Brazilian Marine Corps Performs Basic Team Training

ADEST-EQ 2018, held at the Marambaia Island Training Center, in Rio de Janeiro, mobilized 2,400 service members and kicked off the Marine Corps training cycle.
Taciana Moury/Diálogo | 31 May 2018

Capacity Building

Marines position a .50-caliber machine gun on the ground as part of the precision shooting leg of the training. (Photo: Fleet Marine Squad, Brazilian Navy)

The Brazilian Marine Corps’ (CFN, in Portuguese) Fleet Marine Squad (FFE, in Portuguese) of the Brazilian Navy, began the first cycle of training with the 2018 edition of Basic Team Training (ADEST-EQ 2018, in Portuguese) at the Marambaia Island Training Center (CADIM, in Portuguese), March 21st–April 23rd. The objective is to train service members on basic and individual combat procedures and prepare them for other operations throughout the year.

For the shooting on the move activity, combat groups divide into smaller groups to advance on enemy territory. (Photo: Fleet Marine Squad, Brazilian Navy)

Four groups of marines, with about 600 service members each, took part in the training at different times. According to CFN Lieutenant Colonel Dirlei Donizette Côdo, coordinator of ADEST-EQ 2018, the exercise serves as the basis for marines training, prompting great care for activities to deliver positive results. “Small groups [of marines] who will take part in more complex exercises are put together and trained. If the quality of the exercise is compromised, there could be repercussions for other training events throughout the year,” explained Lt. Col. Dirlei.

CFN Captain Gabriel Ferreira Mattos, commander of the 1st Company from the 1st Marine Infantry Battalion, Riachuelo Battalion, was part of the exercise’s third group to train at CADIM, April 7th–15th.
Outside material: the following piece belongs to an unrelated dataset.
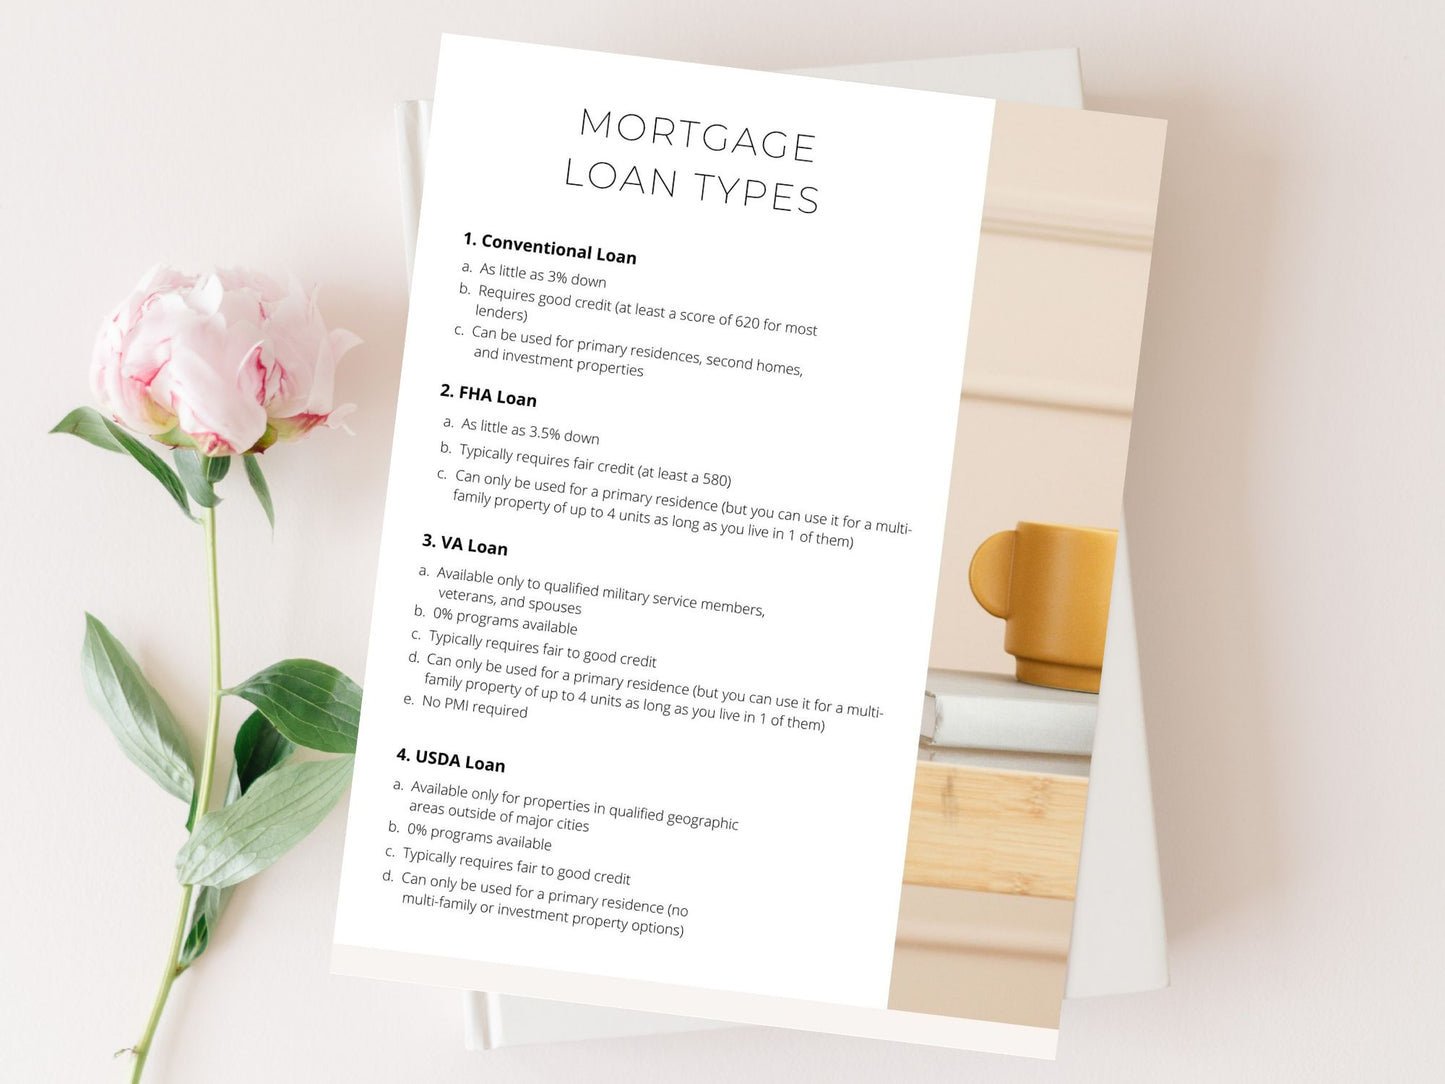 Real Estate Minimal Mortgage Loan Types - Concise template for streamlined understanding of various mortgage options.

According to the officer, the exercise helps standardize marines’ basic knowledge. “Service members from the Amphibious Division and the Reinforcement Troop Command were among those participating,” Capt. Ferreira Mattos said. “Instructions to conduct patrols, map orientation, first aid, urban area military operations, jungle survival, mines and traps, swimming, ship training, and shooting on the move, among other activities, were part of the training,” he said.

The importance of individual shooting

According to Lt. Col. Dirlei, each activity has a specific goal. “Precision shooting, physical-military preparation, ground navigation, swimming, and the use of armored vehicles are all fundamental to marines,” he said, adding that live fire is among the most important requirements. “During ADEST-EQ 2018, countless exercises were conducted with individual and group weapons, using real ammunition so the amphibious combatant is always ready to use his weapon with efficiency and competence,” he said.
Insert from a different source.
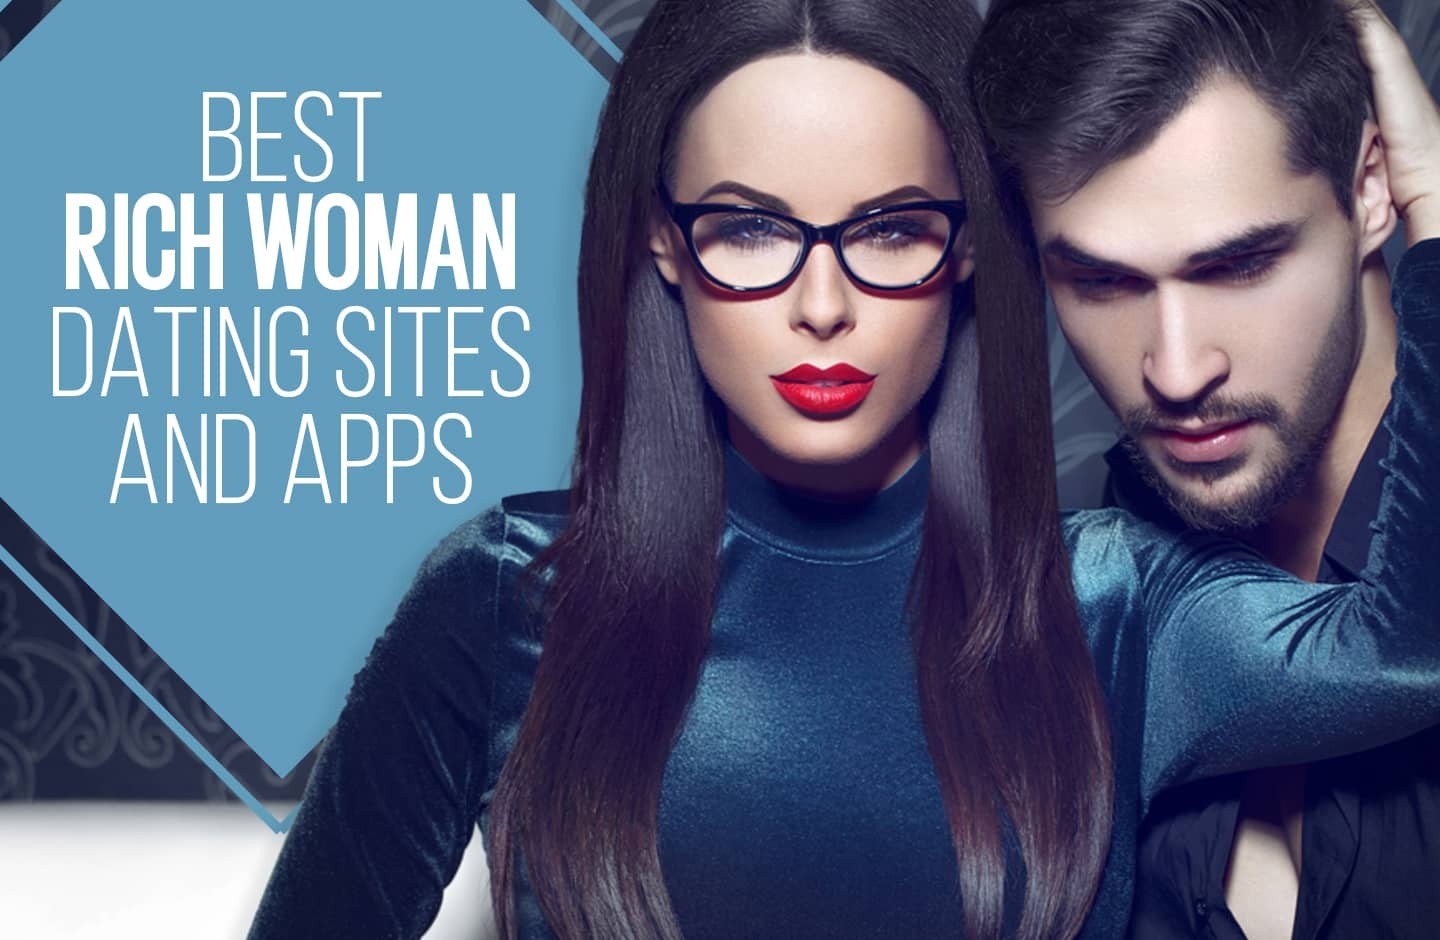 San Diego's Best Dating Apps & Sites For Singles (From the Experts)

Marines taking part in ADEST-EQ 2018 learn vessel-boarding techniques. (Photo: Fleet Marine Squad, Brazilian Navy)

During the training, obstacle courses simulate real situations the FFE encounters in various types of operations. Marines are tested and trained to respond quickly when fulfilling their duties with the use of strategically placed targets.

One of the exercises took place on the Combat Group (GC, in Portuguese) obstacle course. During the activity, each group was put on patrol, while instructors simulated real combat scenarios, such as ambushes, attacks, and injuries, said Capt. Ferreira Mattos. “The objective was to evaluate GC command leadership, the correct use of rapid deployment tactics, and shooting squad formations for various situations,” he said.

According to Lt. Col. Dirlei, the 2018 edition stood out due to small group leaders’ autonomy and opportunity to show off their skills. “The training used a general cargo landing vessel, a Naval Air Force helicopter, light and heavy vehicles, as well as M-113 armored vehicles,” he said.

Service members from 17 FFE organizations took part in ADEST-EQ 2018. According to Lt. Col. Dirlei, a logistics structure was set up for the exercise to take place. “Moving 2,400 people to Restinga da Marambaia takes a major land and sea transport effort, and for the actual setup with requirements inherent to an exercise of this size,” he said.

The exercise contributes to marines’ individual and team preparation to conduct trainings at subunit levels (SU, in Portuguese)—i.e., a company—and unit levels (U), that is, a battalion. A battalion or unit can have multiple companies or subunits. “The effective use of SUs and Us from the get-go is related to small groups’ level of preparation,” Lt. Col. Dirlei said. “In addition, it contributes to marines’ performance while carrying out a mission, both for the protection of our borders, and for the success of all operations FFE participates in.”

The marines’ training cycle, beginning with ADEST-EQ, continues throughout 2018 with several operations, according to information from FFE. Some examples include: a Basic Subunit Infantry Exercise (SUBEX-INF, in Portuguese), which focuses on ground operations; and a Rapid Force Deployment preparation (ADEST-FER, in Portuguese), which strives to maintain operational readiness at all times. Additionally, there is Operation Formosa, considered one of FFE’s largest exercises in the central plateau, and Operation Dragon (Operação Dragão), the most thorough marine training, which involves all phases of an amphibious operation.